We are required to maintain certain financial covenants, the most significant of which are a consolidated net leverage ratio less than 3.0 to 1.0 and a consolidated interest coverage ratio of greater than 3.0 to 1.0. Our most restrictive covenant, the consolidated net leverage ratio, is the ratio of earnings before interest, taxes, depreciation, amortization and stock-based compensation (EBITDAS) to funded indebtedness. An increase in indebtedness, which includes letters of credit, or a decrease in EBITDAS could restrict our ability to issue letters of credit or borrow under the U.S. Revolver. Additionally, we must maintain a consolidated cash balance of $50 million at all times, which can be deducted from the letters of credit outstanding as noted above. The U.S. Revolver also contains a "material adverse effect" clause which is a material change in our operations, business, properties, liabilities or condition (financial or otherwise) or a material impairment of our ability to perform our obligations under our credit agreements. As of March 31, 2023, we were in compliance with all of the financial covenants of the U.S. Revolver.

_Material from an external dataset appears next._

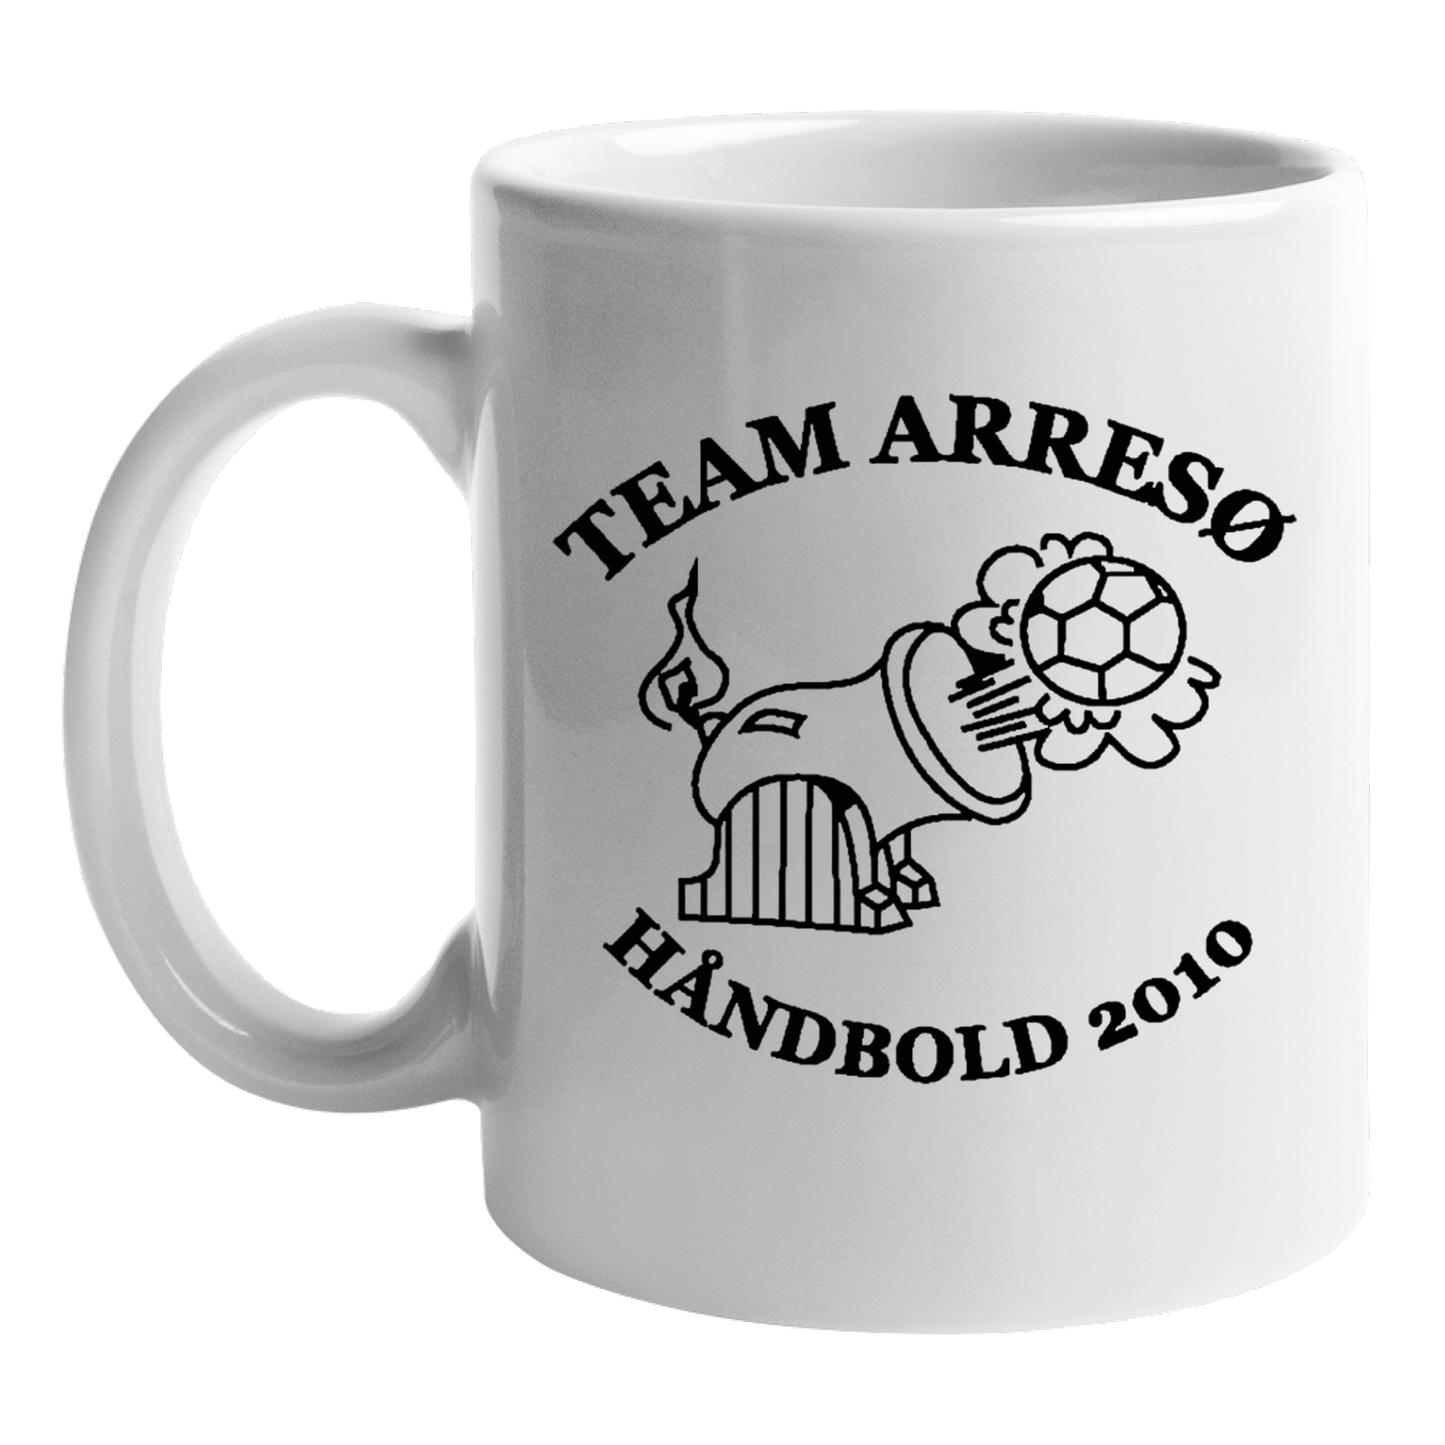 Kop med klub logo - Arresø

The U.S. Revolver allows the Company to elect that any borrowing under the facility bears an interest rate based on either the base rate or the eurocurrency rate, in each case, plus the applicable rate. The base rate is generally the highest of (a) the federal funds rate plus 0.50%, (b) the Bank of America prime rate or (c) the Bloomberg Short-Term Bank Yield Index (BSBY) rate plus 1.00%. The applicable rate is generally a range from 0% to 2% depending on the type of loan and the Company's consolidated net leverage ratio.

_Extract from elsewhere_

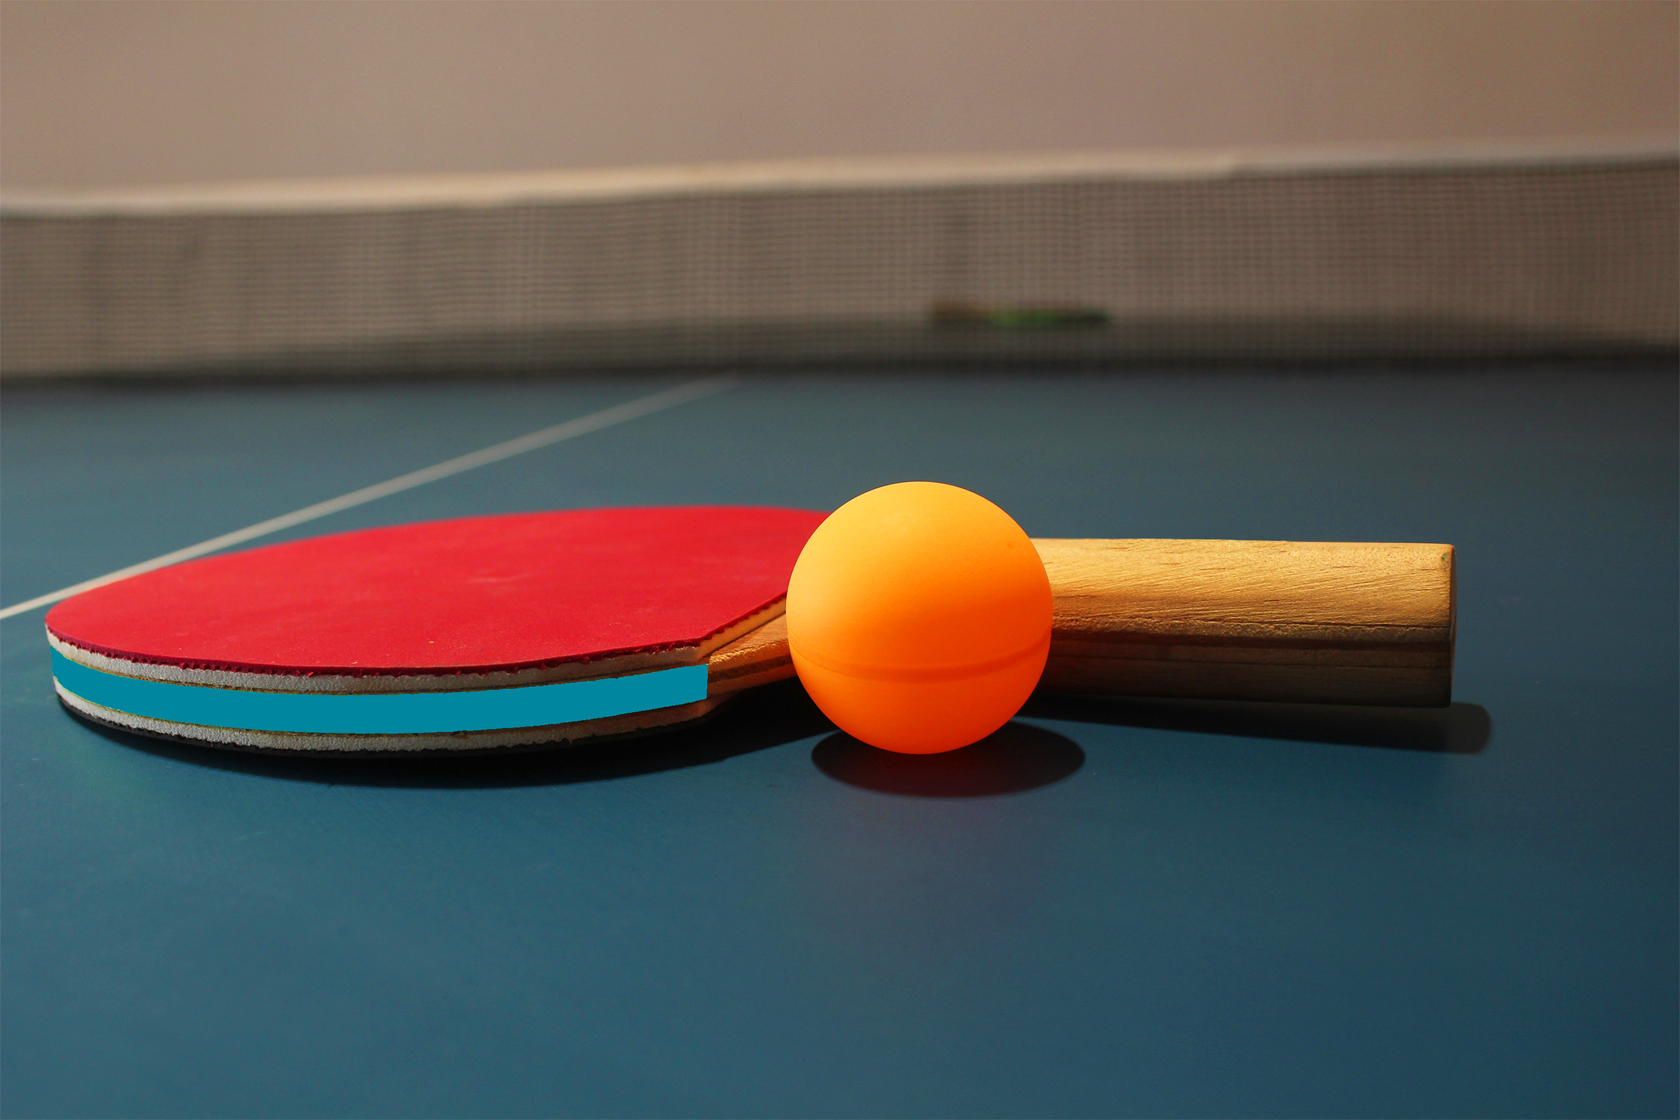 papier peint de tennis de table,ping pong,sport de raquette,raquette de tennis de table,des sports,racketlon

The U.S. Revolver is collateralized by a pledge of 100% of the voting capital stock of each of our domestic subsidiaries and 65% of the voting capital stock of each non-domestic subsidiary. The U.S. Revolver provides for customary events of default and carries cross-default provisions with other existing debt agreements. If an event of default (as defined in the U.S. Revolver) occurs and is continuing, on the terms and subject to the conditions set forth in the U.S. Revolver, amounts and letters of credit outstanding under the U.S. Revolver may be accelerated and may become immediately due and payable.
Industrial Development Revenue Bonds
We borrowed $8.0 million in October 2001 through a loan agreement funded with proceeds from tax-exempt industrial development revenue bonds (Bonds) for the completion of our Northlake, Illinois facility. The Bonds matured on October 1, 2021 and our final payment of $0.4 million was made.